六日目◆後:約束
「せっかく手伝っていただいたのに今日も……」
日暮れになるまで竜の石を探したけれど、結局今日も見つからなくて聖璃架は気を落とした。
「気にするな、また明日があるだろ」
歳朗に言われたが、聖璃架は申し訳ない気持ちで一杯だった。
「あの、何かお礼させてください! 特に土浦さんには昨日も手伝っていただいたし」
「そんなもん…」
「お礼? そうだな、じゃあ僕とデートしようよ」
歳朗を遮るように総助がさらりと言った。
「総助ッ!」
「何か問題あります? 土浦さん」
「…………」
総助に問われたが、歳朗は答えられなかった。
只先程と同じ苛立ちが自分を支配しているのが、嫌なくらい解った。
「今夜浜辺で待ち合わせ。
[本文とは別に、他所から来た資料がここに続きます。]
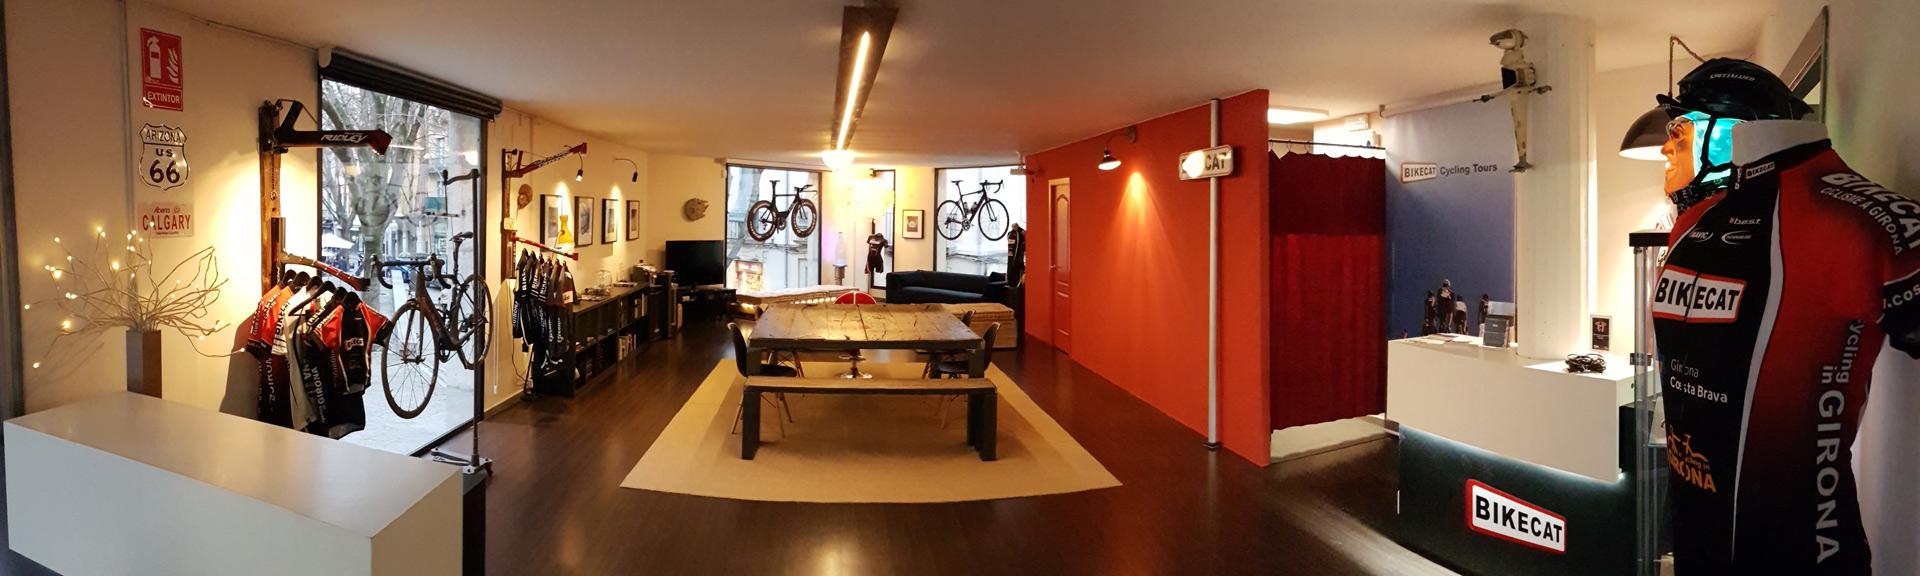 Bikecat Cycling Tours Headquarters in Girona

いいね? 絶対来るんだよ」
にこ、と笑んで総助が聖璃架に言った。
「は、はい」
「楽しみにしてるからね」
歳朗は物凄く不機嫌だった。
まあ歳朗がご機嫌で鼻歌なんぞ歌っている姿も想像出来なくて、もしそんな事があったらはっきりいって引いてしまいそうだが、戦闘時以外でここまで不機嫌のオーラを発する歳朗も珍しくて、長年苦楽を共にしてきた親友の勇作でさえ声をかけ難い。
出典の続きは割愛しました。